Jenny propped open the back door leading to the alley behind the bar, and a scruffy, three-legged dog ambled inside. “Hey, Stubby,” she said, leaning over to give the mutt a scratch. “Your boss will find any reason to party, you know that?”

“Don’t need an excuse,” Drew muttered. “This is your bread and butter, too, I might add.” And with that, Drew tore into the first chord of “Sunshine of Your Love,” which, Drew believed, despite its dippy title, was the fucking best guitar riff of all time, in his humble opinion. And not just because it was one of five classic Clapton songs he knew how to play with his amateur guitar noodling.

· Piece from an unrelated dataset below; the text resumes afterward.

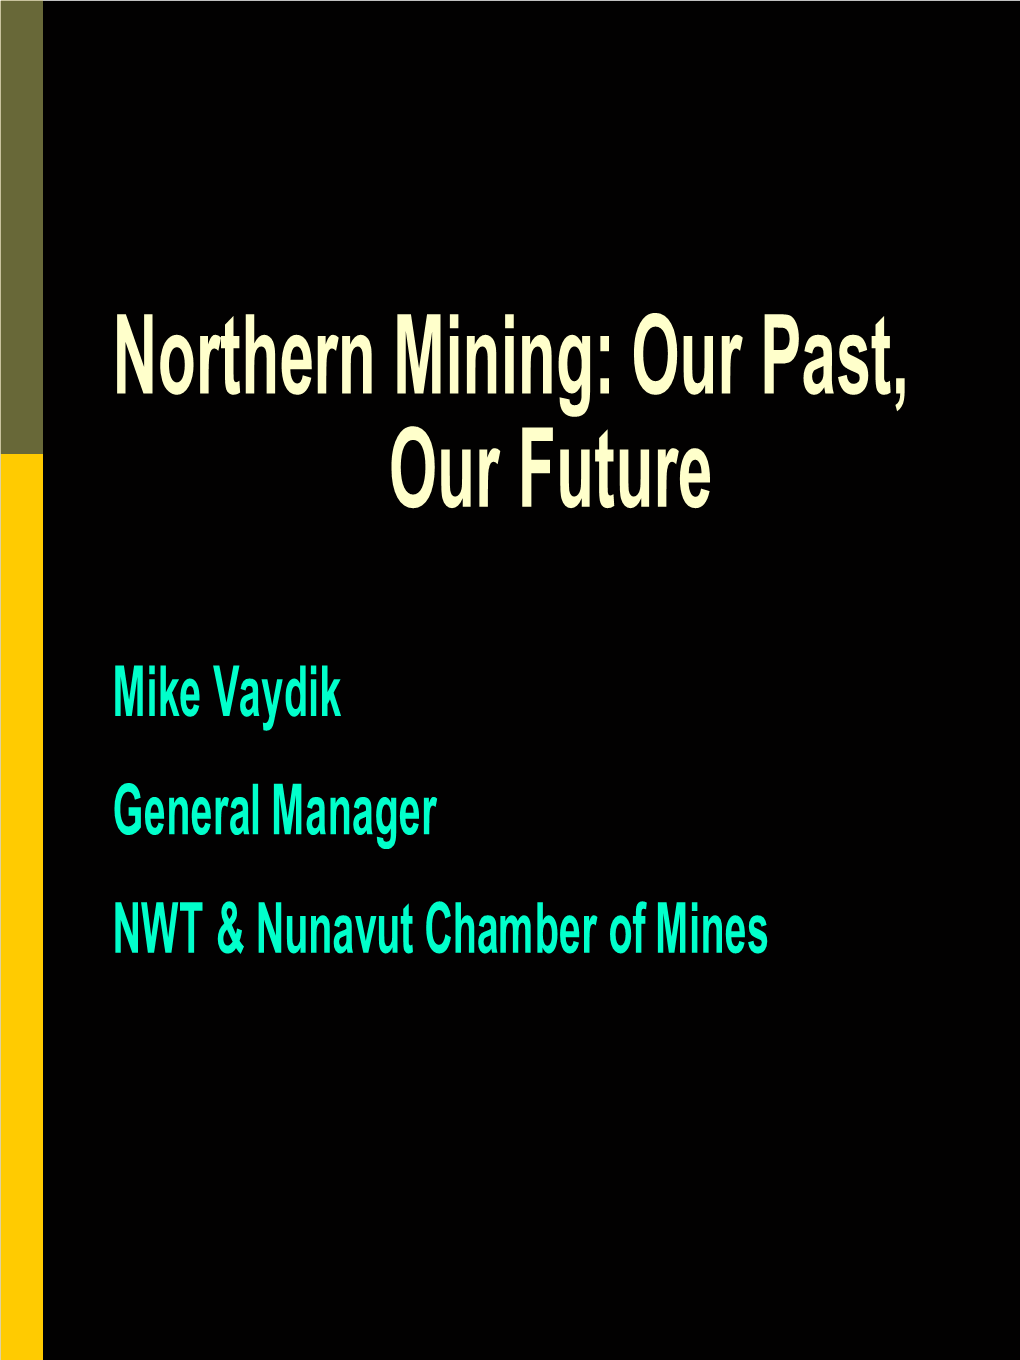 Northern Mining: Our Past, Our Future

Stubby, whom Drew believed was a mix of terrier and who-gives-a-shit, ran up to the stage and barked at him, letting him know he had company.

The members of Black Dog, the Led Zeppelin tribute band that Drew had booked for the evening, had parked in the alleyway and were starting to unload their gear. Drew stopped dicking around on stage and hopped down to help the guys get their gear set up, then went back to his actual job of running a brew pub.

He pulled out the blackboard sign from behind the bar, grabbed the chalk and gave it an update for the night’s offerings.

Saint Valentine Red Ale

Big V Strawberry Cider

Cupid’s Butt Stout

Sloppy Seconds Lager

Drew’s brews had won so many awards for the town he could pretty much call them anything he wanted and nobody would say a word against them.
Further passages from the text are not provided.